Aging by Nicole Callihan



"Reading Nicole Callihan’s Aging is like walking a labyrinth: each poem takes the reader closer to the center of self-reflection before journeying back out into the world. This deeply meditative collection is grounded in the body—the ways it fails us and our shame—and the small joys of being alive. Though the poet asks, “What else can I offer,” ultimately she affirms, “This must be enough,” where enough is sometimes sufficient and sometimes too much. These poems do not promise a panacea for aging; they “tilt toward meaningfulness” and ask for reprieve."

–Emari DiGiorgio, author of Girl Torpedo and The Things a Body Might Become

"Nicole Callihan’s chapbook, Aging, takes the reader on an exquisite and magical journey. Her poems catch snippets of a life in motion, while repetition serves as an effective thread, connecting, unwrapping and surprising us along this journey. The mood of these poems is delightfully unpredictable.
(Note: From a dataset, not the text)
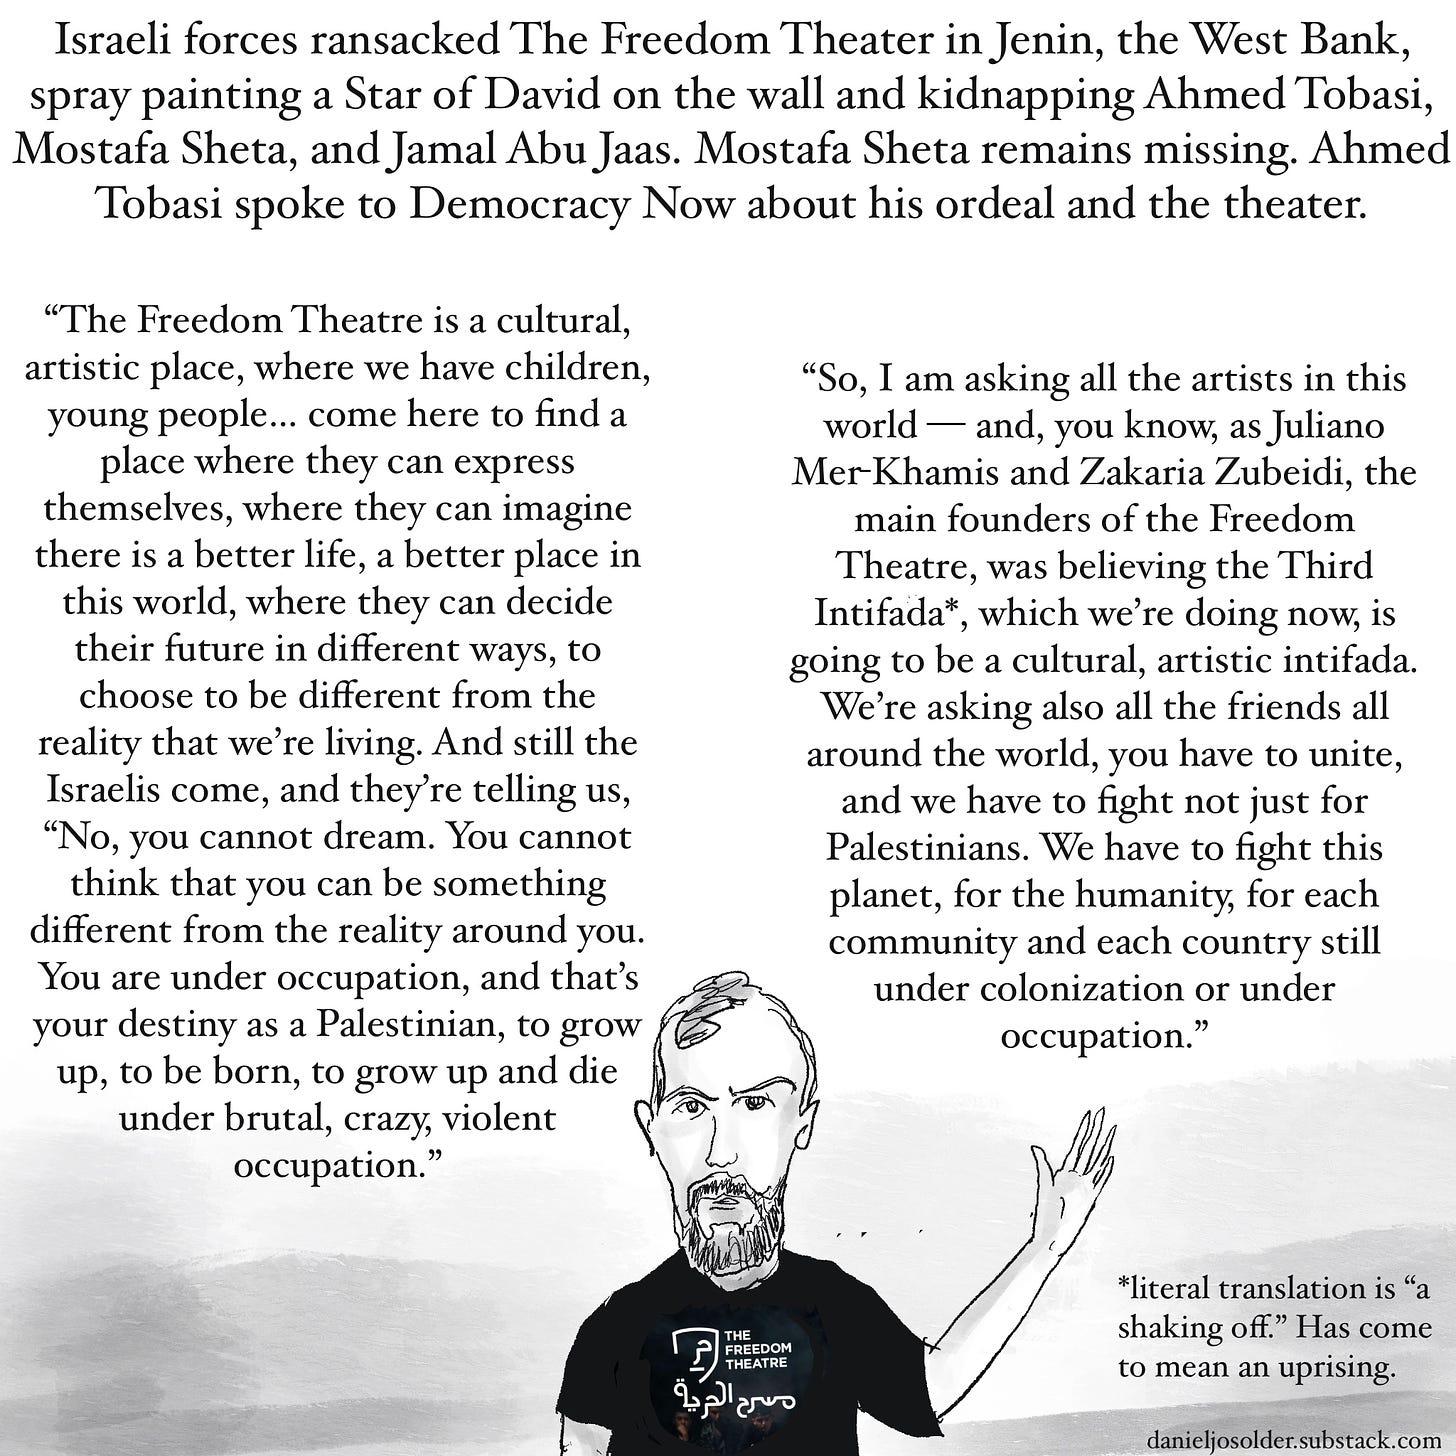 Israeli forces ransacked The Freedom Theater in the West Bank, spray painting the Star of David on the wall and kidnapping Ahmed Tobasi, Mostafa Sheta, and Jamal Abu Jaas Mostafa Sheta remains missing. Ahmed Tobasi spoke to Democracy Now about his ordeal and the theater. “The Freedom Theater Is it cultural, artistic place, where we have children, young people come here to find a place where they can express themselves where they can imagine there is a better life, a better place in this world, where they can decide their future in different ways, to choose to be different from the reality we're living in. And still the Israelis come, and they're telling us, “No you cannot dream. You cannot think that you can be something different from the reality around you. You are under occupation, and that's your destiny as a Palestinian, to grow up, to be born, to grow up and die under brutal crazy violent occupation. So I am asking all the artists in this world— and, you know, as Juliano Mer-Khamis and Zakaria Zubeidi,  the main founders of The Freedom Theater, was believing the Third Intifada [uprising], Which we're doing now, is going to be a cultural artistic intifada. we're also asking the friends all around the world, you have to unite, and we have to fight not just for Palestinians. we have to fight this planet, for the humanity, for each community and each country still under colonization or under occupation. Image description: A drawing of Ahmed Tobasi raising his hand. 
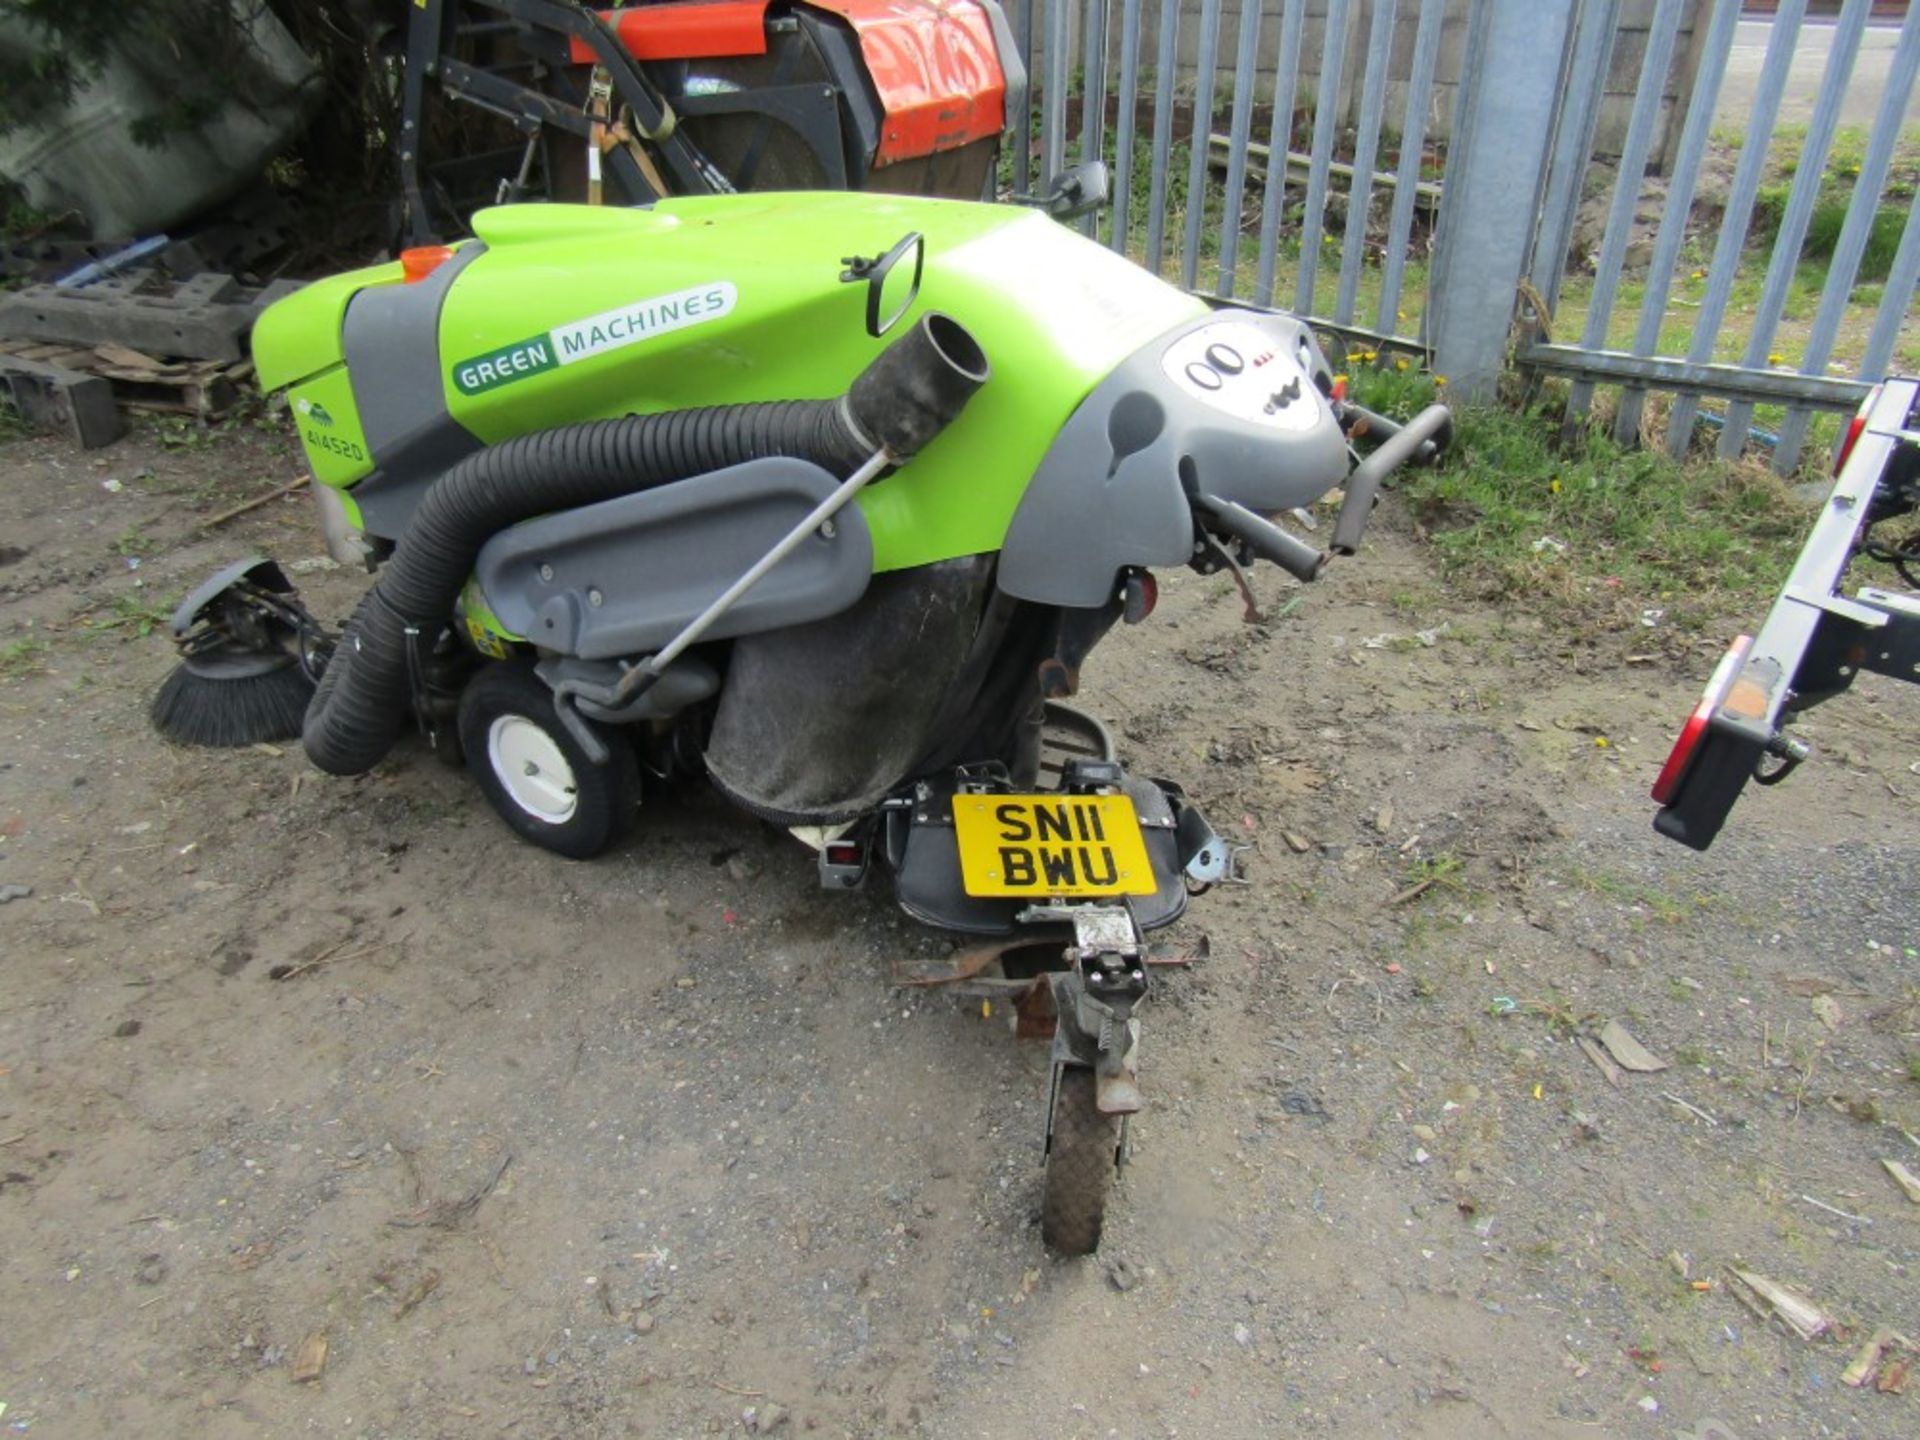 11 reg GREEN MACHINE 414S2D STREET CLEANING RIDE ON TRICYCLE, 1ST REG 05/11, 204 HOURS WARRANTED, V5 - Bild 2 aus 3

In a nod to aging, she tells us in one line “I keep wandering to graves” yet, a few lines down, in the same poem, Callihan shares, “I hope at least to keep my teeth” and I imagine the poet delivering this line to us deadpan. These poems are kaleidoscopes, each reading reveals a secret and unexpected nuance. Nature and family and musings on life and death all take center stage here. Callihan’s language is delicious. When she offers up the alliteration “I fickle and fume and finger the flowers” the reader can’t help but savor how her words and images roll off the tongue. She leaves us wanting more. Aging is a guidebook you will find yourself returning to again and again."